### Problem statement
Stop after the line with "La piantagione di"; until then, please copy every line of the records word for word from the first.

Given records below:

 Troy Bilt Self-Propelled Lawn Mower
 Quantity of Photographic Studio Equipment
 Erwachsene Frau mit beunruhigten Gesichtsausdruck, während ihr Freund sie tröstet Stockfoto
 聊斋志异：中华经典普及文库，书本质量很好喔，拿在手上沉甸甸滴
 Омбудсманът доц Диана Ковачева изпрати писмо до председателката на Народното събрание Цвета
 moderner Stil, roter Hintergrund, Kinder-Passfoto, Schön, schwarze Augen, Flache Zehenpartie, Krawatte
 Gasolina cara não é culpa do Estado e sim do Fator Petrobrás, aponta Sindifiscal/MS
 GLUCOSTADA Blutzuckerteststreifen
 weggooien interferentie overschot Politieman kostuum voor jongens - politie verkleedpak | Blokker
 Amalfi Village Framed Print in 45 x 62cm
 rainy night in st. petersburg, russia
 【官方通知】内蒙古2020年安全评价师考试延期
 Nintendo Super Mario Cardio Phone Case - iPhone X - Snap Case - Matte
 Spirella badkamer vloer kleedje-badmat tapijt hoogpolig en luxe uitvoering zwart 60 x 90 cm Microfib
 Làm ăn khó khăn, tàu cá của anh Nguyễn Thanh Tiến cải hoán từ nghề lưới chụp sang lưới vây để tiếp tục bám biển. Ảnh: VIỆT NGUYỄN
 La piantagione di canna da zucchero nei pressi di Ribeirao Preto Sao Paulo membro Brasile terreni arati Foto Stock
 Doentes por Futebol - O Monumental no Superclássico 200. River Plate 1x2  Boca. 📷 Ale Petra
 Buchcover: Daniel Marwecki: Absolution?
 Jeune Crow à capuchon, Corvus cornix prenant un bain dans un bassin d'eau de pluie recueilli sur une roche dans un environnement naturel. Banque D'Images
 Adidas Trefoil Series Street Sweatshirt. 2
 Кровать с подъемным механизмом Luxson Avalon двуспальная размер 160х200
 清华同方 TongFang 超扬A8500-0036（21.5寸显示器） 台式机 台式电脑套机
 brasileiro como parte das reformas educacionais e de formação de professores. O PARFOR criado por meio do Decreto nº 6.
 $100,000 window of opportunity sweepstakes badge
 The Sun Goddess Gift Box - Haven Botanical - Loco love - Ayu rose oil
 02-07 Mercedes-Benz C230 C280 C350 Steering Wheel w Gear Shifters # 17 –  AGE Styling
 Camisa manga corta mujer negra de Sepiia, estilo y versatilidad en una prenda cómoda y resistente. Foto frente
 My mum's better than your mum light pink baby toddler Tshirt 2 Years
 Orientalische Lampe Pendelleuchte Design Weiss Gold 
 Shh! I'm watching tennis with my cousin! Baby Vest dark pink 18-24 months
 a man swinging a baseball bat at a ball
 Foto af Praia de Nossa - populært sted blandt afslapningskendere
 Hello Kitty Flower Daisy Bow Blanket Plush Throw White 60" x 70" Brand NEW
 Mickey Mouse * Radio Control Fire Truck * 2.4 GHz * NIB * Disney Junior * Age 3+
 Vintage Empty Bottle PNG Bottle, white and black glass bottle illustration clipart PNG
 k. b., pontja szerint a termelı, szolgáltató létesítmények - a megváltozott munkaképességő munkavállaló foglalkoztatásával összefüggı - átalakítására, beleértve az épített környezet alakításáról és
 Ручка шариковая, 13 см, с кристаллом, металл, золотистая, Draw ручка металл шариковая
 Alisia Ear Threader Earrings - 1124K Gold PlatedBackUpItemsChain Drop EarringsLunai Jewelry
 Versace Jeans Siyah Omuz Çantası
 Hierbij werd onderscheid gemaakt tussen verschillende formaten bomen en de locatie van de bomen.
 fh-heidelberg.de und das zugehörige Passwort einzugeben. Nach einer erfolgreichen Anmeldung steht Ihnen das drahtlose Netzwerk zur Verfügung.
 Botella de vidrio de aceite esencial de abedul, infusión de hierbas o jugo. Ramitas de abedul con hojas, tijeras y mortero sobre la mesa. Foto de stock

End of Given records.

### Solution to the exercise
 Troy Bilt Self-Propelled Lawn Mower
 Quantity of Photographic Studio Equipment
 Erwachsene Frau mit beunruhigten Gesichtsausdruck, während ihr Freund sie tröstet Stockfoto
 聊斋志异：中华经典普及文库，书本质量很好喔，拿在手上沉甸甸滴
 Омбудсманът доц Диана Ковачева изпрати писмо до председателката на Народното събрание Цвета
 moderner Stil, roter Hintergrund, Kinder-Passfoto, Schön, schwarze Augen, Flache Zehenpartie, Krawatte
 Gasolina cara não é culpa do Estado e sim do Fator Petrobrás, aponta Sindifiscal/MS
 GLUCOSTADA Blutzuckerteststreifen
 weggooien interferentie overschot Politieman kostuum voor jongens - politie verkleedpak | Blokker
 Amalfi Village Framed Print in 45 x 62cm
 rainy night in st. petersburg, russia
 【官方通知】内蒙古2020年安全评价师考试延期
 Nintendo Super Mario Cardio Phone Case - iPhone X - Snap Case - Matte
 Spirella badkamer vloer kleedje-badmat tapijt hoogpolig en luxe uitvoering zwart 60 x 90 cm Microfib
 Làm ăn khó khăn, tàu cá của anh Nguyễn Thanh Tiến cải hoán từ nghề lưới chụp sang lưới vây để tiếp tục bám biển. Ảnh: VIỆT NGUYỄN
 La piantagione di canna da zucchero nei pressi di Ribeirao Preto Sao Paulo membro Brasile terreni arati Foto Stock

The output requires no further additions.